The task ▸
Skip the pictures and repeat each line of the data exactly.

The data ▸
== == ==
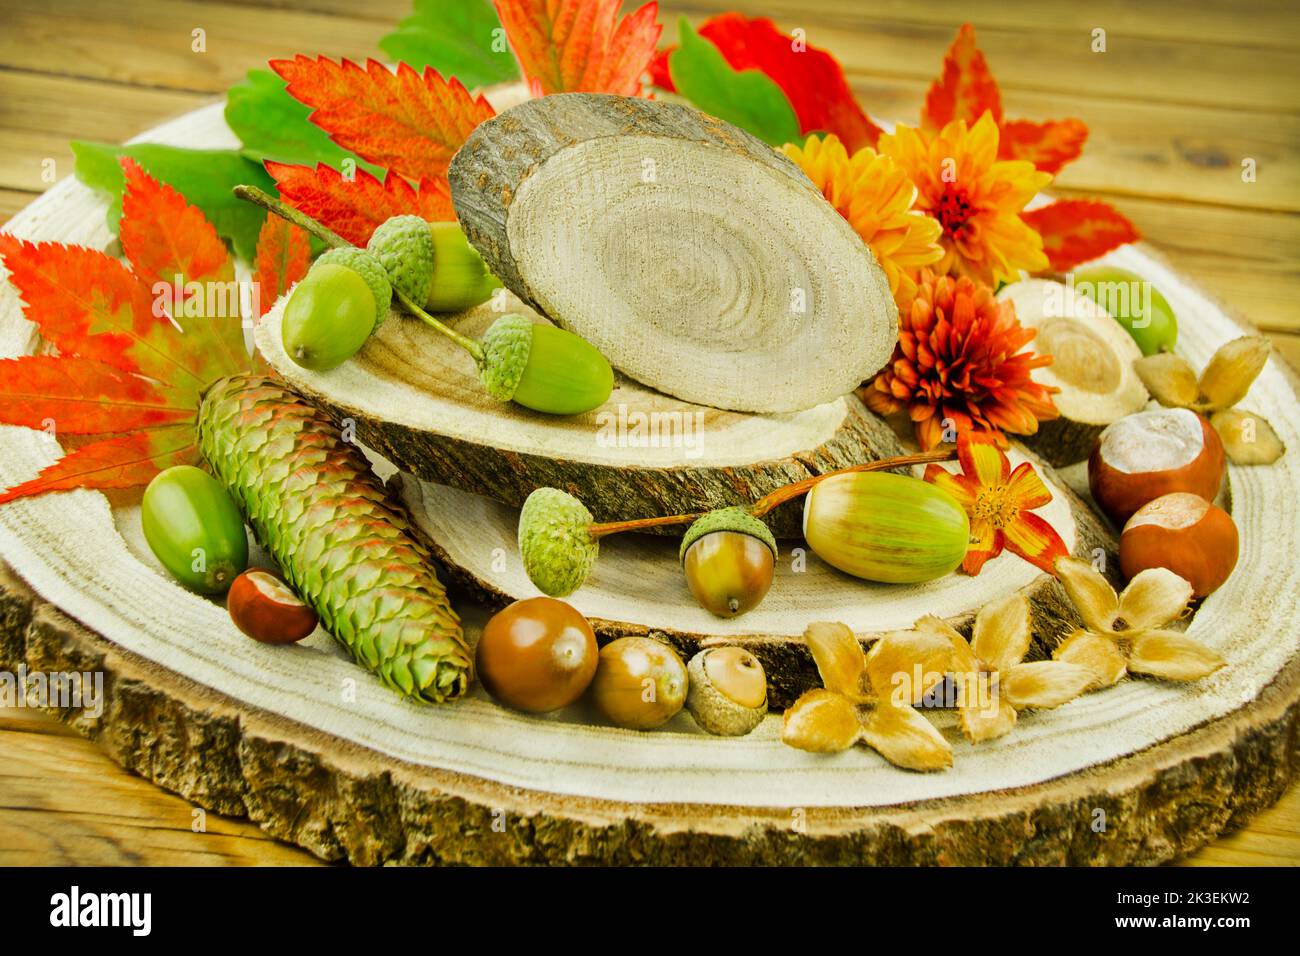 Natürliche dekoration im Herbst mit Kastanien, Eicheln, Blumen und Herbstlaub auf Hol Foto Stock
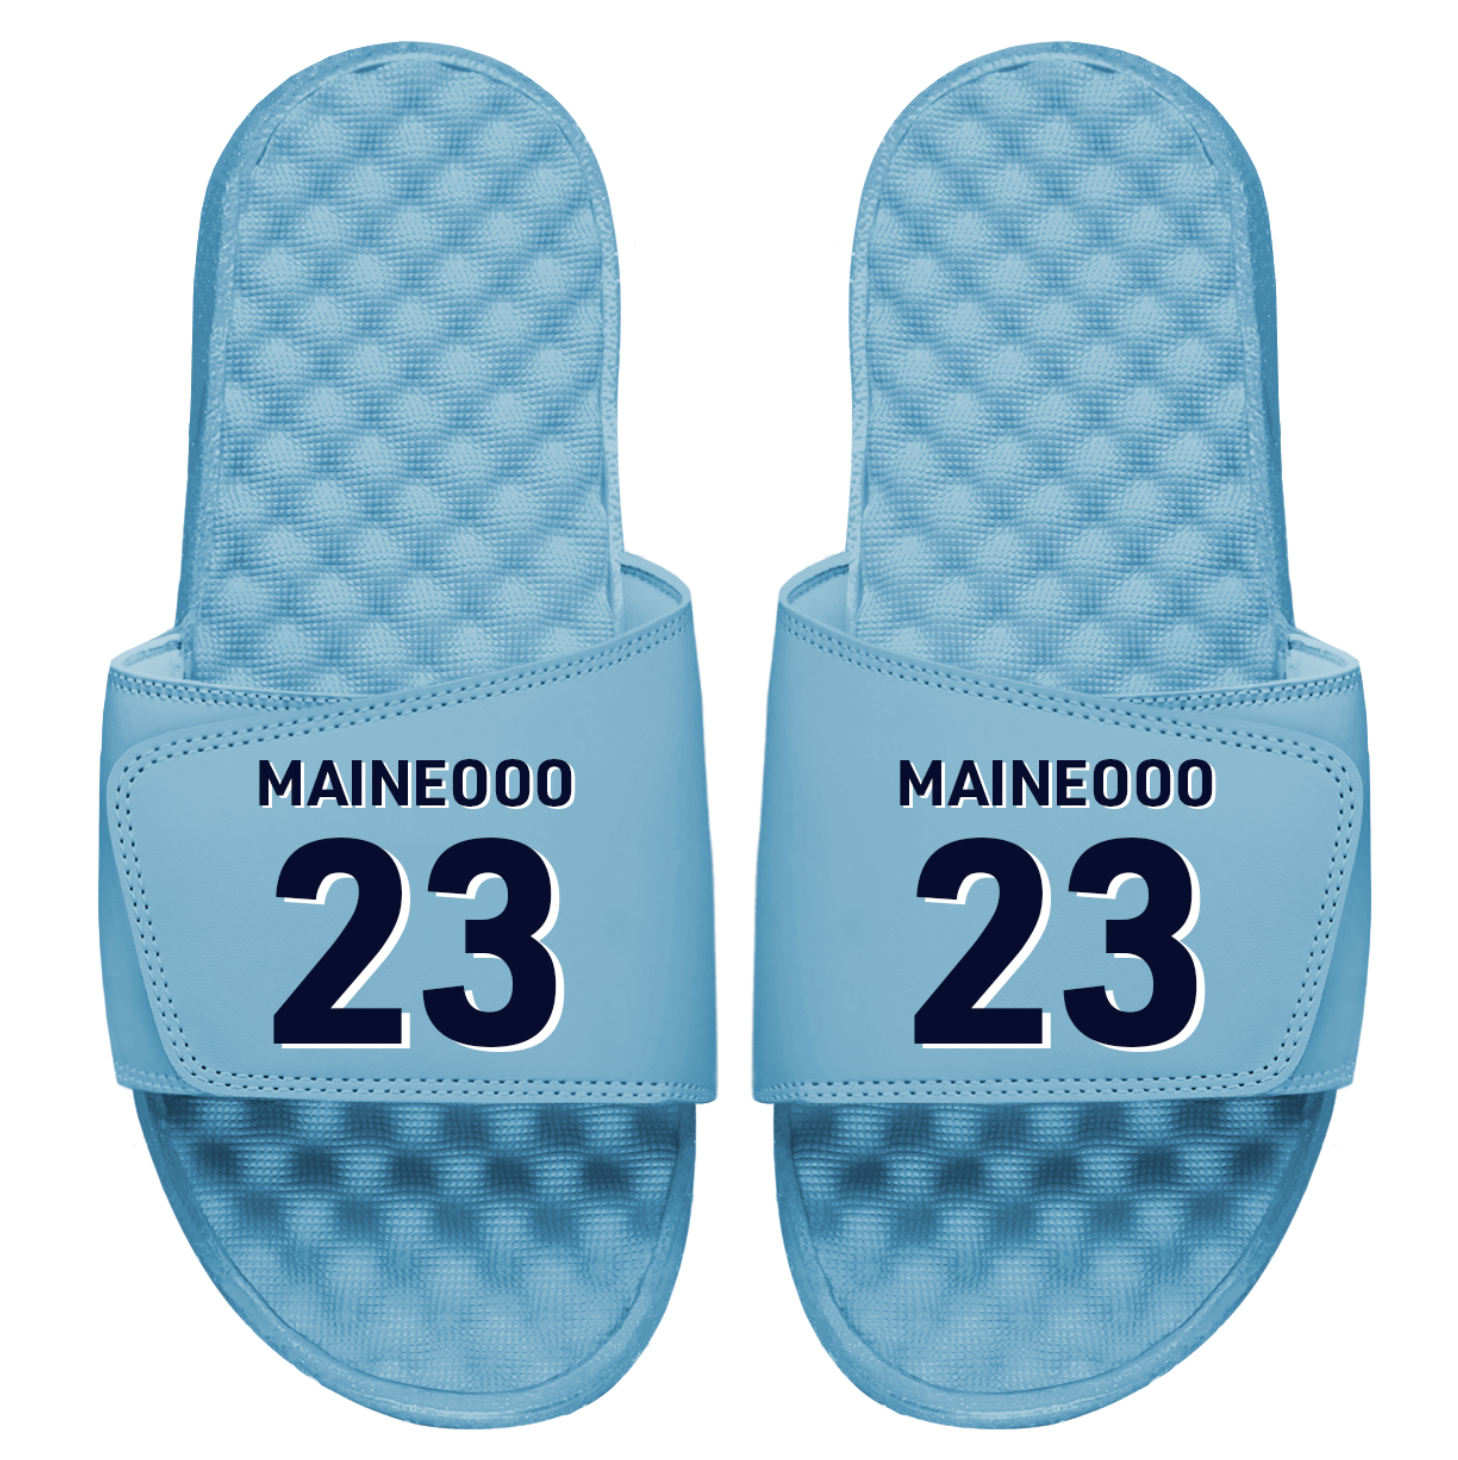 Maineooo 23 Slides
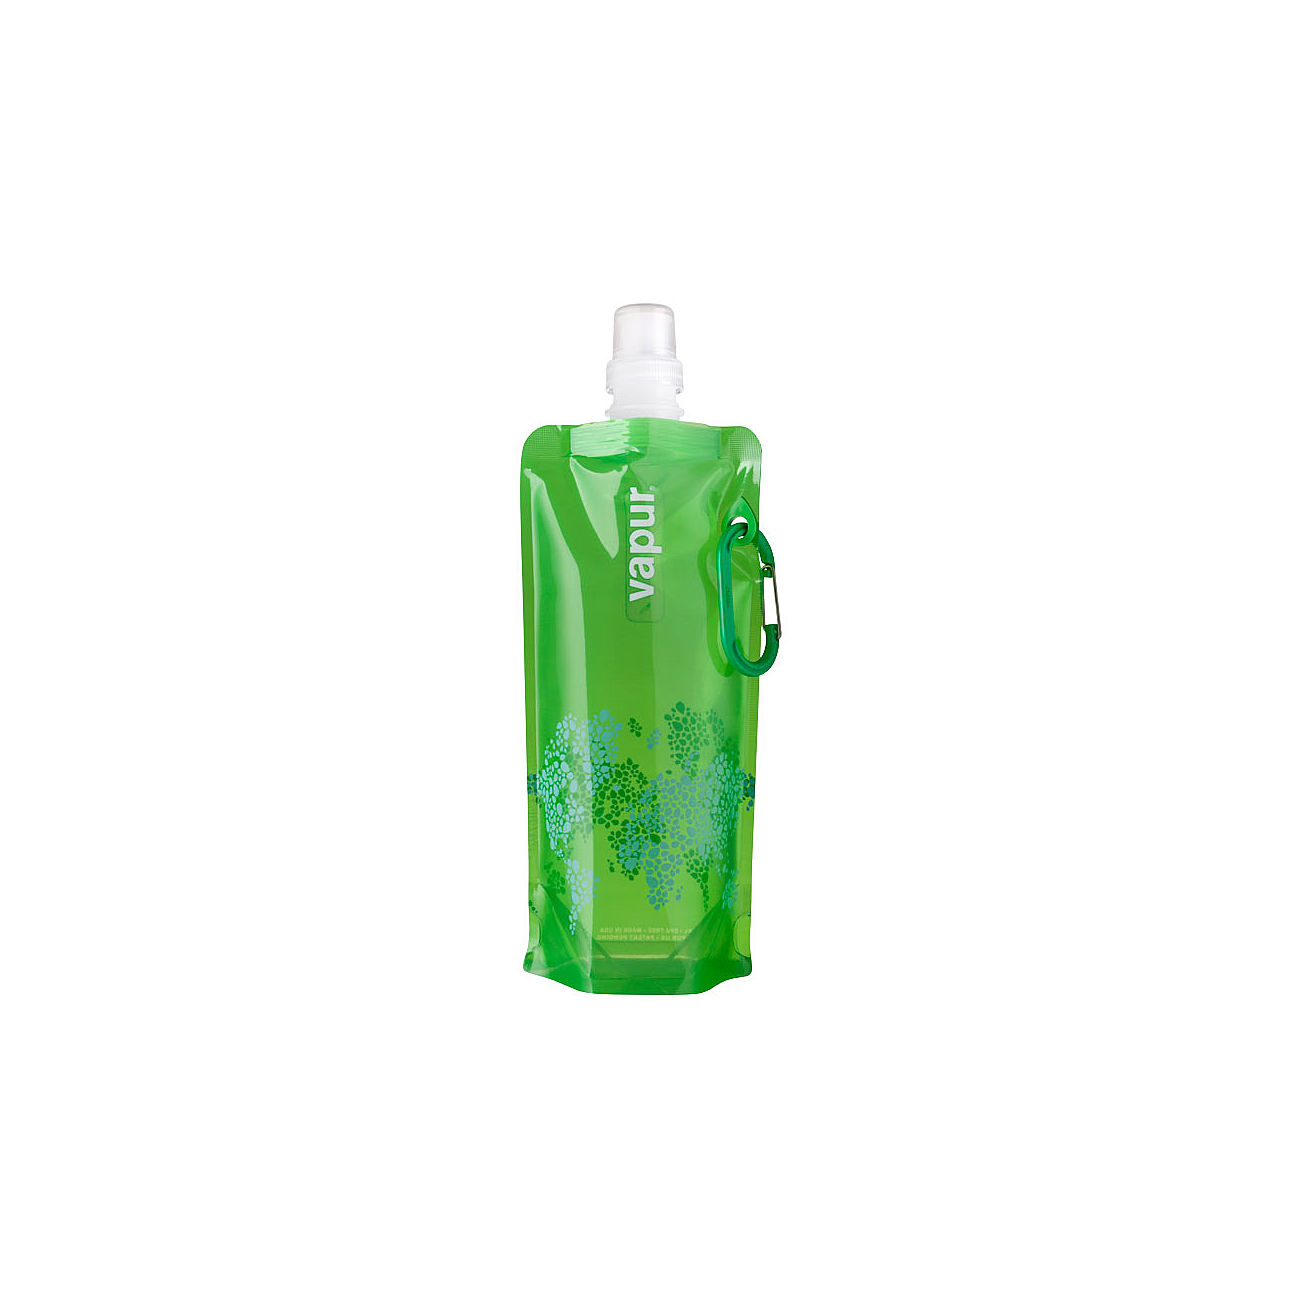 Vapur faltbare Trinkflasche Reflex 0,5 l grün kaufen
== == ==
Task answer ▸
 Natürliche dekoration im Herbst mit Kastanien, Eicheln, Blumen und Herbstlaub auf Hol Foto Stock
 Maineooo 23 Slides
 Vapur faltbare Trinkflasche Reflex 0,5 l grün kaufen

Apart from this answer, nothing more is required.